Miria grips Isaac's legs as he shimmies out the window, cutting his hand in the process. Unbeknownst to either of them, the Rail Tracer enters the cabin just as Miria shrieks Isaac's name. Isaac exits the cabin altogether, clinging to the side ornamentation upside-down to lessen Miria's burden, and shouts in relief when Czeslaw's eyes flutter open. He does not notice that his cut is bleeding onto Czes' face, or that the blood zips back into the wound.
Isaac finally succeeds in reaching the metal piping between the wheels, where he slips under the car to untie Czeslaw's ropes while supporting Czes' body with his torso. The moment he reaches for Czes with his right hand, Czes slaps away the offending arm—and the momentum causes him to slip from Isaac's hold and from the train. In the blink of an eye, Isaac lunges forward to seize Czes with his right hand, his left gripping the train; the vibrations from the spurs of his cowboy boots bouncing against the ground make it all the more difficult for him to maintain his grip, and his fingers eventually slip. Miria climbs down to the wheels with more skill than Isaac had earlier and clutches his hand in the nick of time, her own hold on the train slipping as soon as she catches him.

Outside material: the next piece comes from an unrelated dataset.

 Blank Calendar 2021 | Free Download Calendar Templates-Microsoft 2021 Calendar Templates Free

The two embrace each other, shielding Czes between them to protect him from further harm. Isaac attempts and fails to lasso the train with his rope, but a stowaway clinging to the underside of the train snatches the lasso mid-air in a last-ditch attempt to save them. For the moment, she has; however, she is unable to maintain a hold on the lasso for long. The lasso once again falls and once again is saved—this time by the Rail Tracer. The Rail Tracer hands it over to Donny in a freight hold and orders him to pull. Donny does; Isaac and Miria are lifted into the air, soar over Goose and Jacuzzi having a rooftop showdown, and plummet over the car's other side. Goose and Jacuzzi having their rooftop showdown) and over onto the other side of the fright car.

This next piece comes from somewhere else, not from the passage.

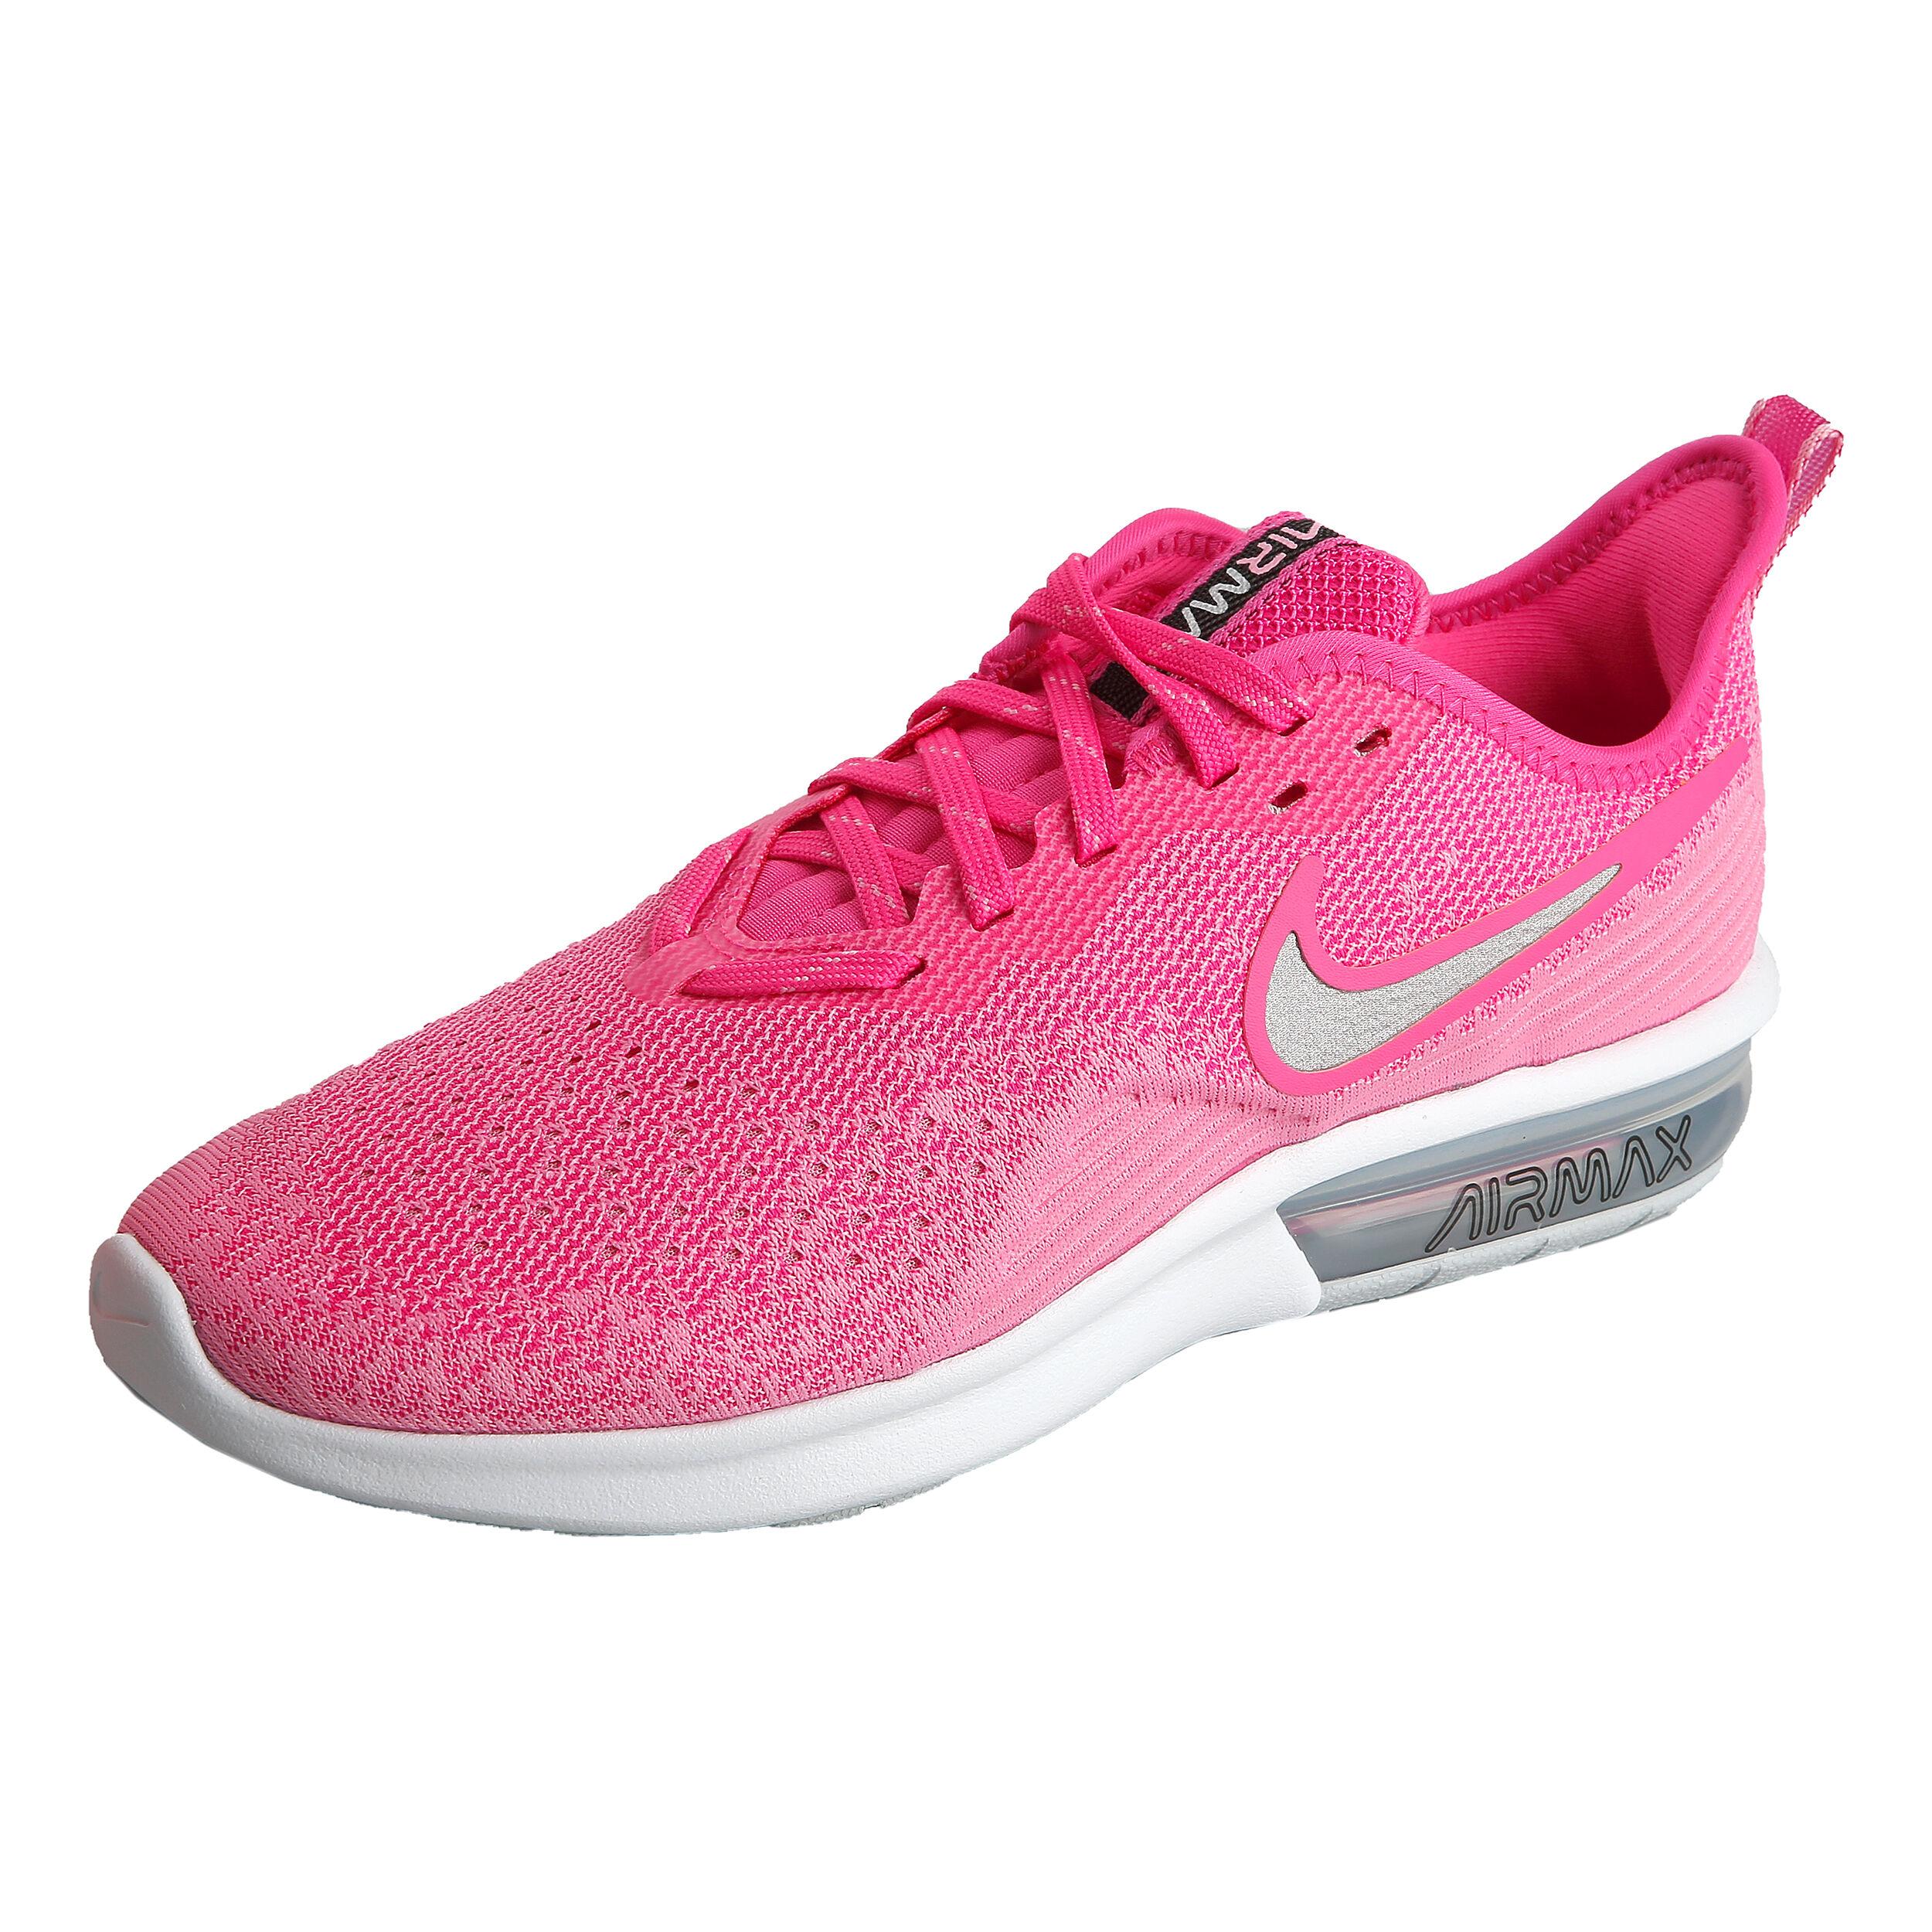 Nike Air Max Sequent 4 Neutralschuh Damen Pink, Weiß

Isaac and Miria barely manage to hoist themselves and their charge onto the roof, where they rest for a brief second before scrambling to perform CPR and heart massages on Czeslaw. These valiant efforts see no results. At the sound of an explosion, they turn to see a silhouetted Goose and Jacuzzi standing on the last car. One of the silhouettes falls off the roof, and another explosion sounds off behind the train.
Though Isaac and Miria would normally have lost their wits at such a sight, the severity of the situation is enough to keep them rational. Seconds later, the mass of bloodflesh comprising Czes' lost limbs streams across the roof in their direction. Assuming that it is the Rail Tracer, they first try to take Czes and run before throwing themselves over his body as a last defensive measure; despite their efforts, the flesh seeps through every gap in their defense. The silence is shattered by the sound of another huge explosion, after which the two finally realize that the bloodflesh is gone. Furthermore, Czes' limbs have been fully restored.
Weepy with relief and joy, Isaac and Miria tell Czes how happy they are to see him alive and safe—though Miria wonders how his limbs came back. Isaac explains that the Rail Tracer only gobbles up the naughty children; it must have realized that Czes was a good boy after all and thus returned all that he stole. Czeslaw interjects that he is not a good boy, as he lied to everyone back at the dining car. He had told them he was traveling to meet with his family in New York when in reality he has never had a family and he is just visiting an acquaintance.
His objection only further convinces them of his goodness; that he had lied to them so that they would not worry when all along he had been the one suffering the most. Isaac declares that Czes can "leave everything to your Uncle Isaac!" Miria pats Czes' cheek and says everything will be alright now that Isaac is on the case. The three make their way back to the dining car, where the Beriams are delighted to see them unharmed. Natalie thanks them for looking after Czes when she could not.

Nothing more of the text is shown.